A la maison il n’y a pas de livres, excepté un lot de prix Nobel de littérature reliés en cuir blanc, illustrés à l’aquarelle que le père a acheté à crédit à un vendeur ambulant un soir de folie. Ils sont rangés dans la vitrine du buffet de la salle à manger, pas le droit d’y toucher.
Derrière la vitre on peut, en penchant la tête sur le côté, déchiffrer le nom de l’auteur écrit en lettres dorées sur la tranche. Chacun de ces noms est une invitation au voyage tant les sons qui les composent sont étranges avec parfois des lettres qui n’existent pas en français et que chacun prononce à sa manière :
Bjørnstjerne Bjørnson
José de Echegaray
Henryk Sienkiewicz
Giosuè Carducci
Rabindranath Tagore
Karl Adolph Gjellerup
Henrik Pontoppidan…
À la maison il n’y a pas d’Atlas non plus. Le monde s’imagine à partir de ces noms d’auteurs qui viennent de partout.
Et puis il y a la collection de noms de villes que le frère rapporte quand il va jouer chez Bernard Chardeau qui possède un Atlas, lui. Le frère nous montre où se situent les villes sur la mappemonde. Quand il a fini, il la fait tourner très vite, les bleus, verts, marrons se mélangent et les mots chantent :
Chandernagor
Tamanrasset
Zanzibar
Valparaiso
Samarcande
Tombouctou
Tananarive
Cincinnati…
Cela ressemble aux poésies que Madame Baverelle fait réciter aux plus grands le samedi matin mais en plus joli.

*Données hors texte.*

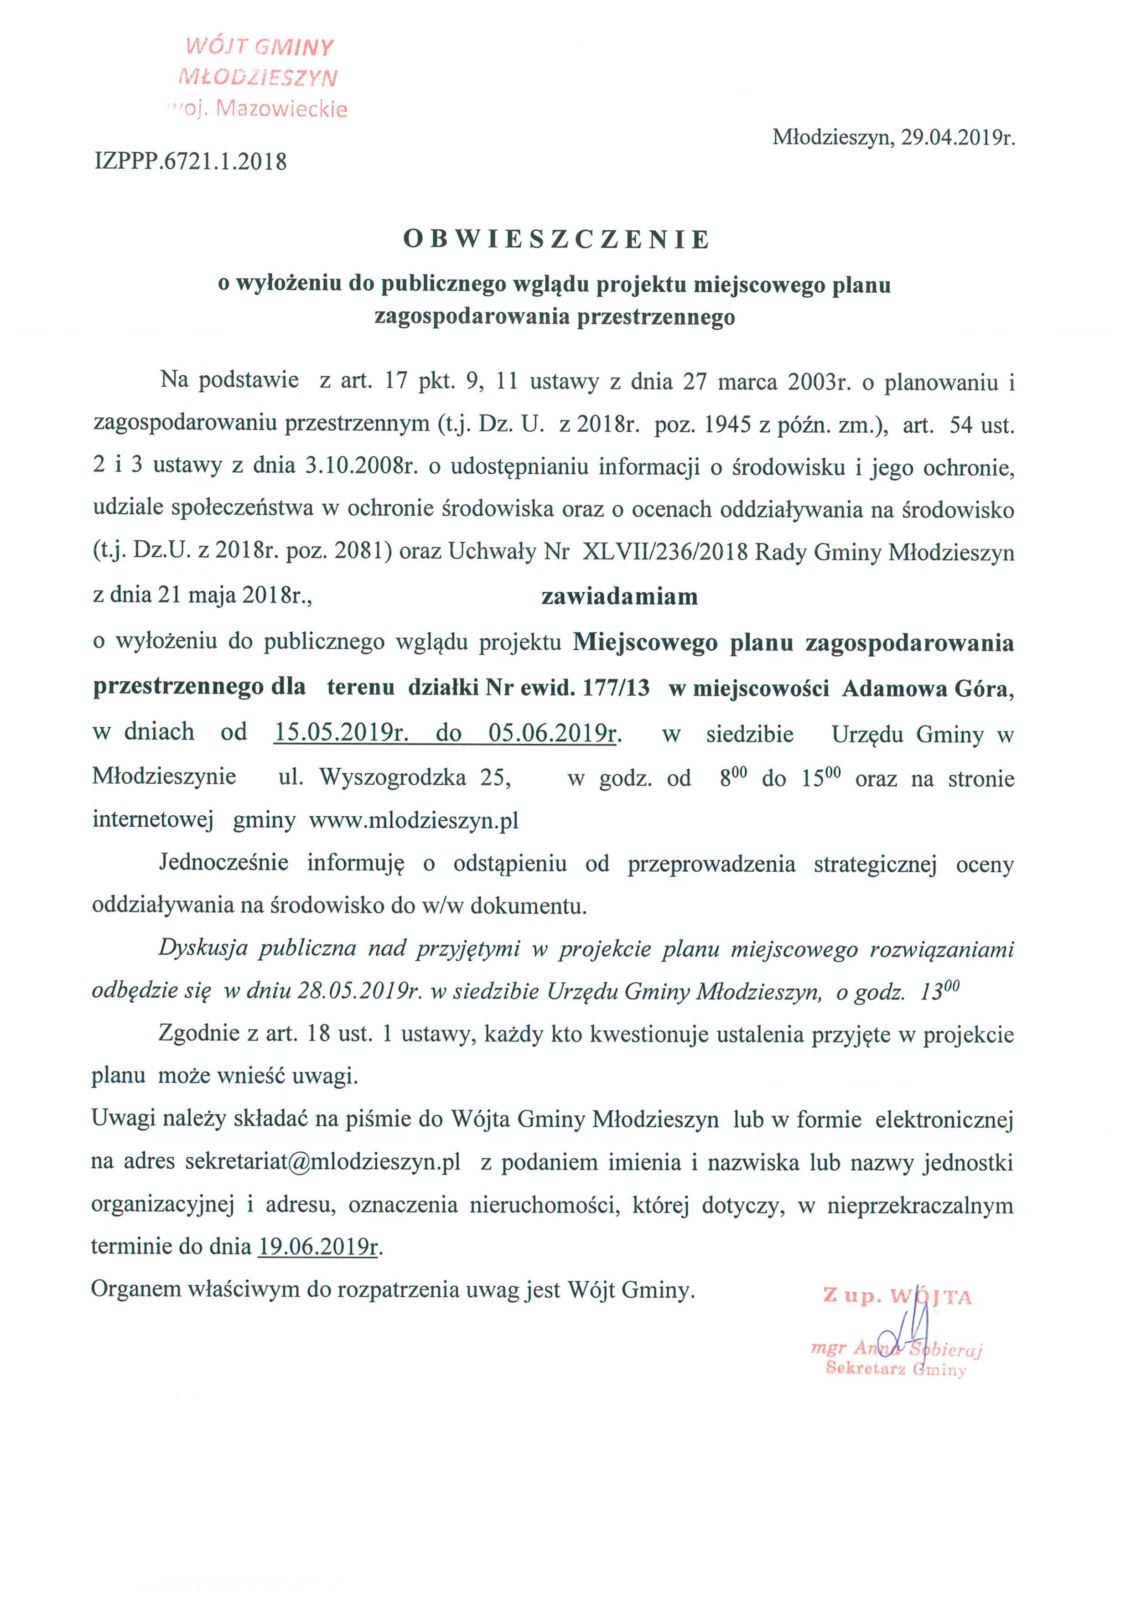 Obwieszczenie o wyłożeniu do publicznego wglądu projektu Miejscowego planu zagospodarowania przestrzennego dla terenu  działki 177/13 w miejscowości Adamowa Góra.
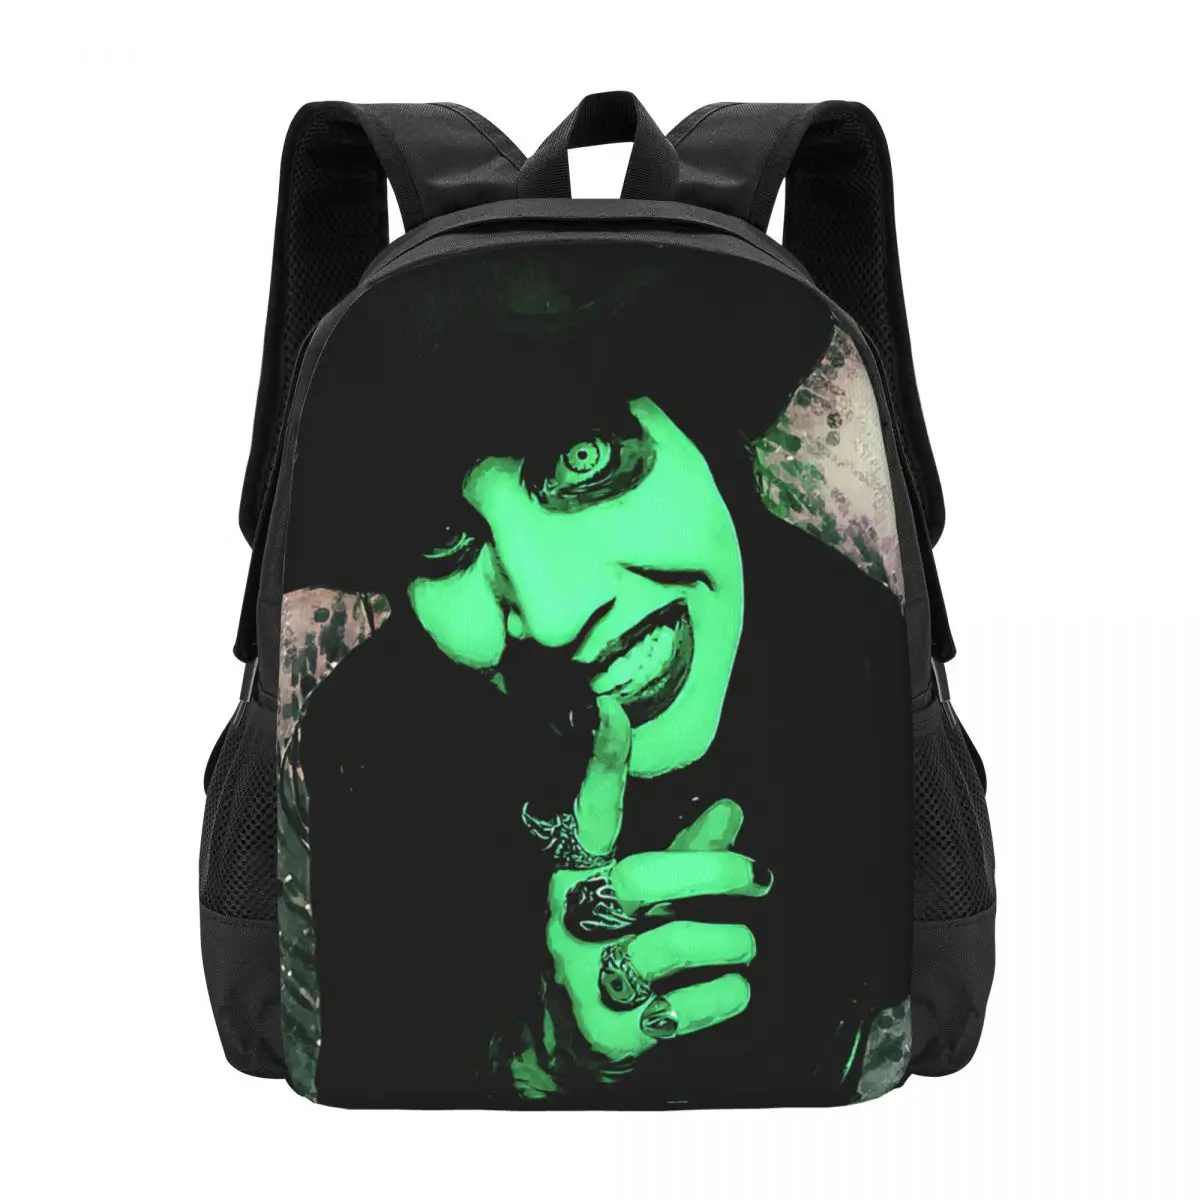 Gothic,Marilyn Manson Backpack for Girls Boys Travel RucksackBackpacks for Teenage school bag

De temps en temps le frère prend son gros dictionnaire, celui que la grand-mère lui a offert pour sa communion et qu’on ne peut pas toucher sans s’être soigneusement lavé les mains et à condition que le frère soit à nos côtés et ait donné la permission, ce qui n’arrive jamais. C’est finalement toujours le frère qui ouvre le dictionnaire. Nos têtes se penchent sur la carte du monde imprimée en double page au centre de l’ouvrage et de nouvelles couleurs : rose, jaune, orange, violet… viennent enrichir la palette chantante du monde. Dans ces moments-là on rêve de grandir le plus vite possible pour pouvoir partir loin.